**Instructions to follow:**
Skip pictures in the listing below; copy exactly the lines from the one with "Graf-von-Faber-Castell - Credit" through the one with "Денилбек Абдулазизов принял", inclusive.

**Entries provided:**

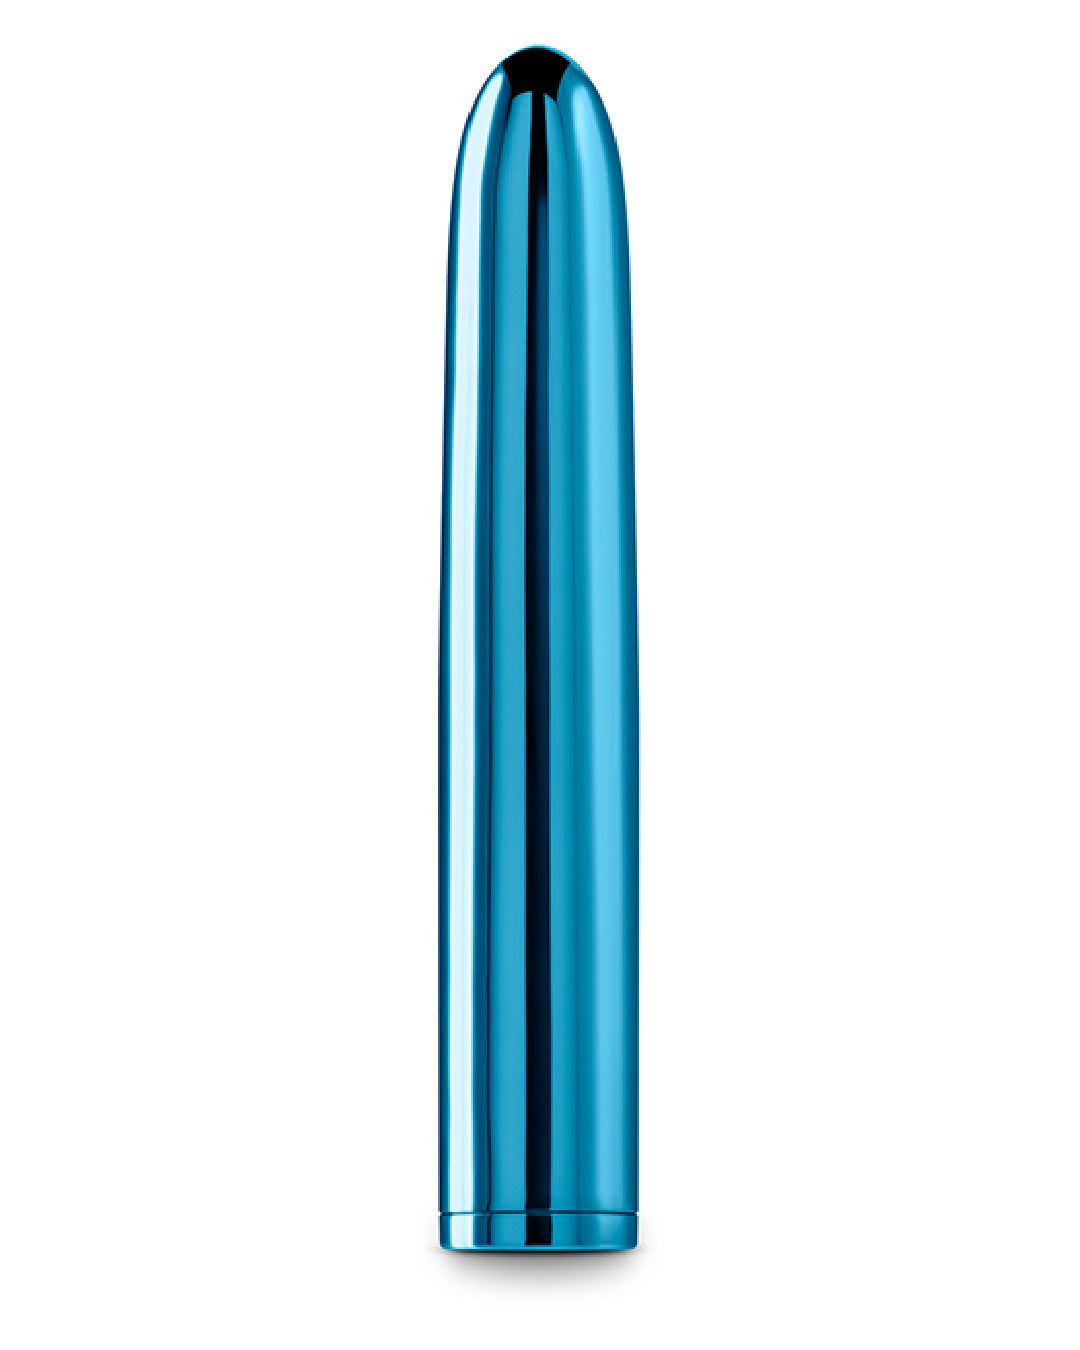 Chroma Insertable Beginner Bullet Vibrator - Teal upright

==

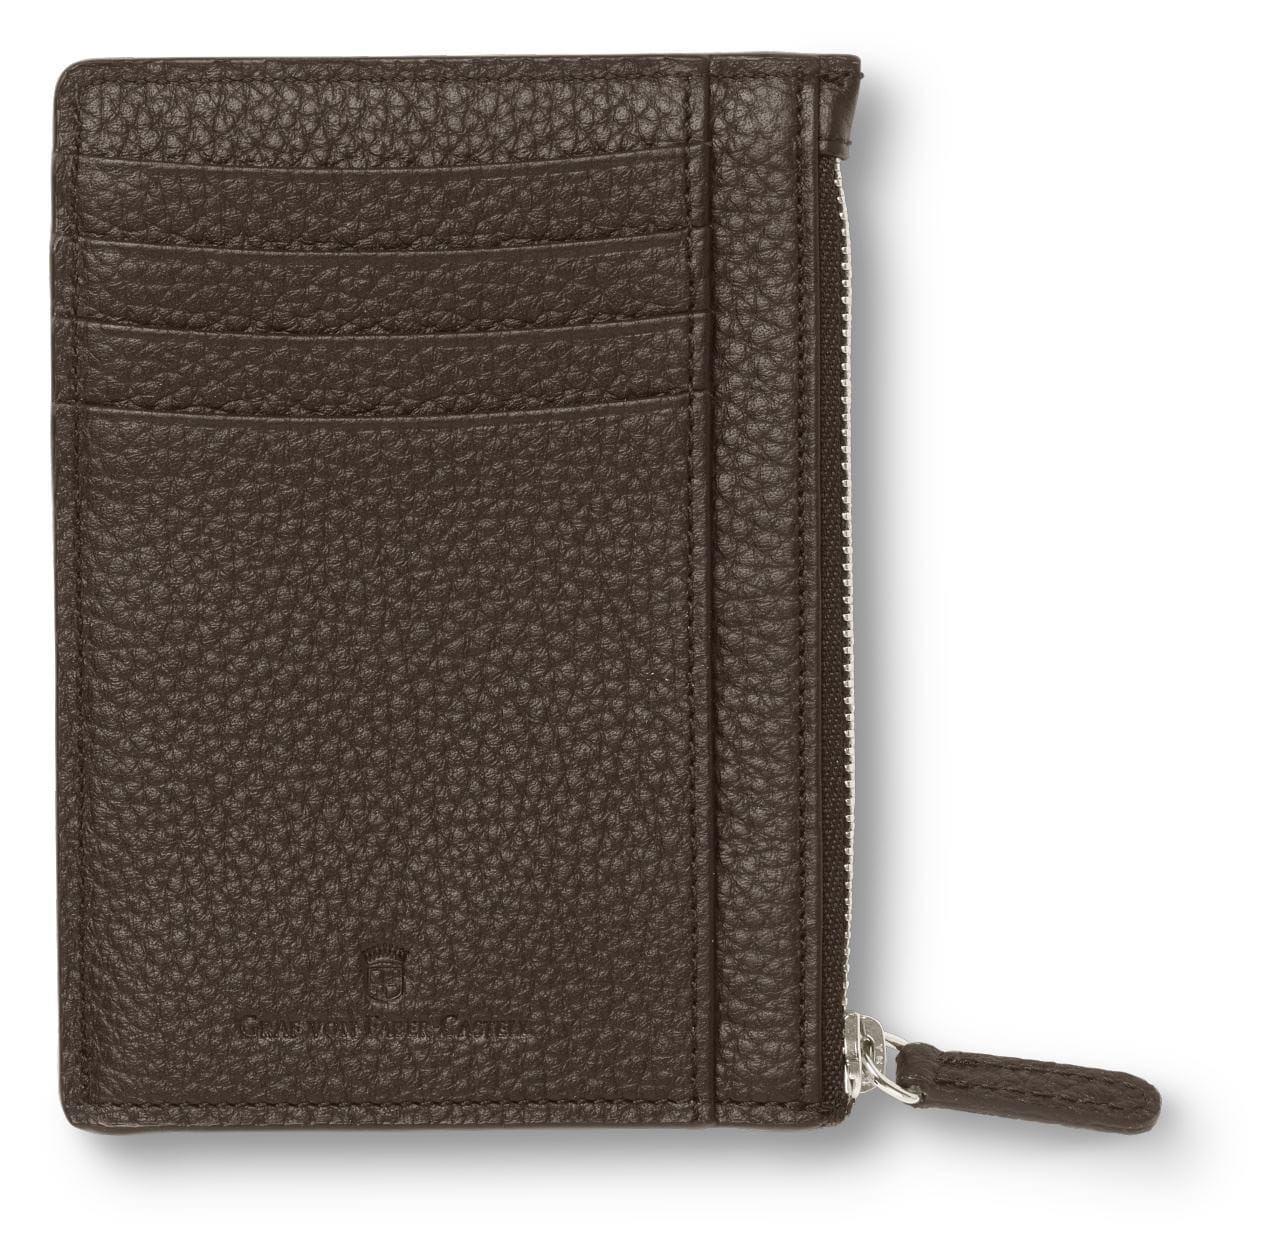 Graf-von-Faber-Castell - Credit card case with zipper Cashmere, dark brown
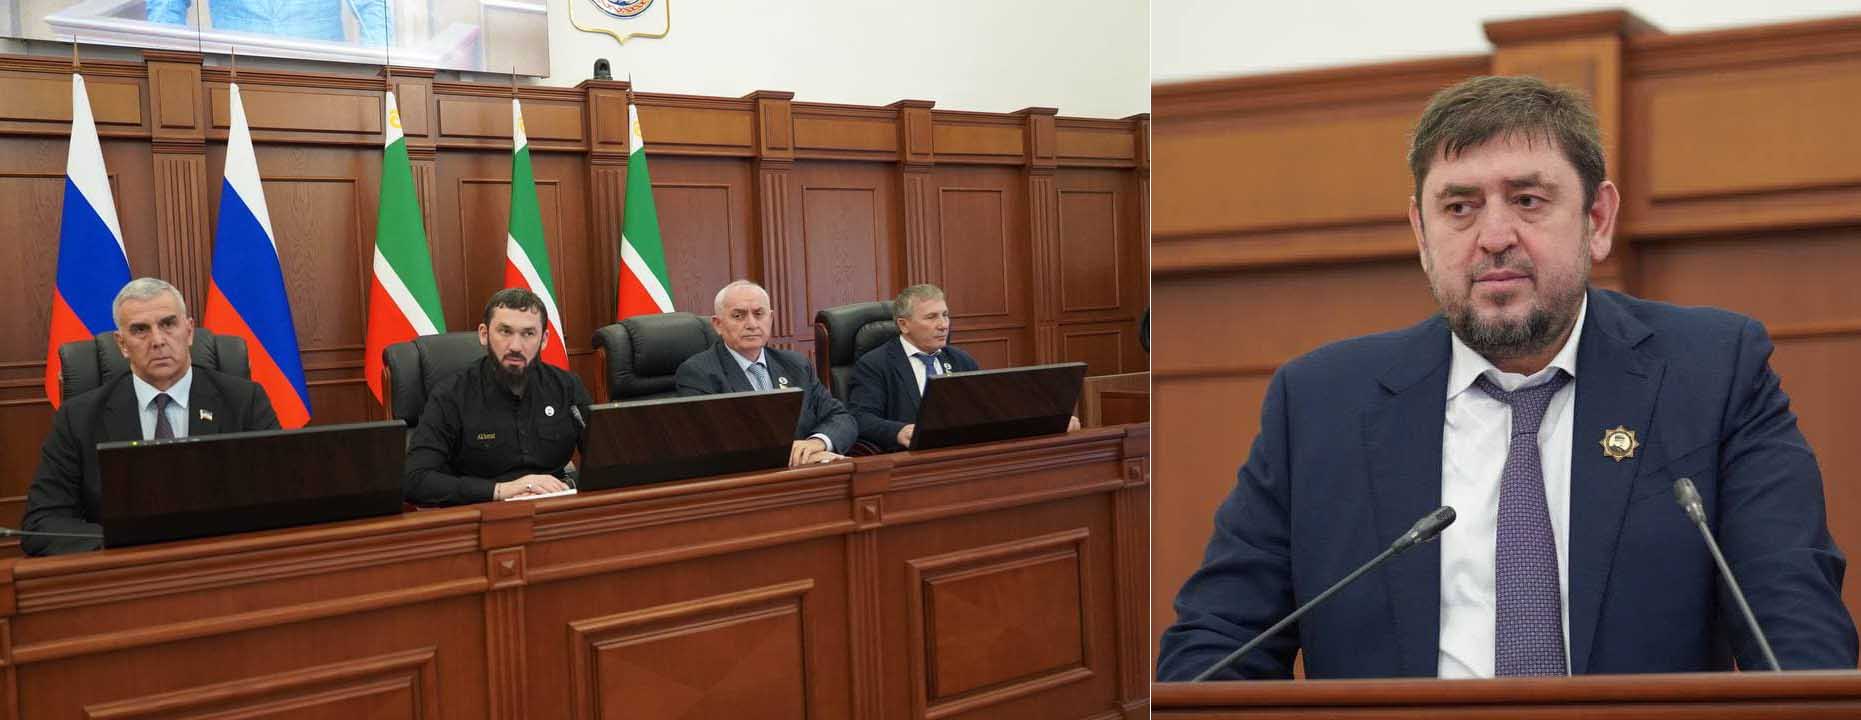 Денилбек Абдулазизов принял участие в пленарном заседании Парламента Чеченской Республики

**Answer space:**
 Graf-von-Faber-Castell - Credit card case with zipper Cashmere, dark brown
 Денилбек Абдулазизов принял участие в пленарном заседании Парламента Чеченской Республики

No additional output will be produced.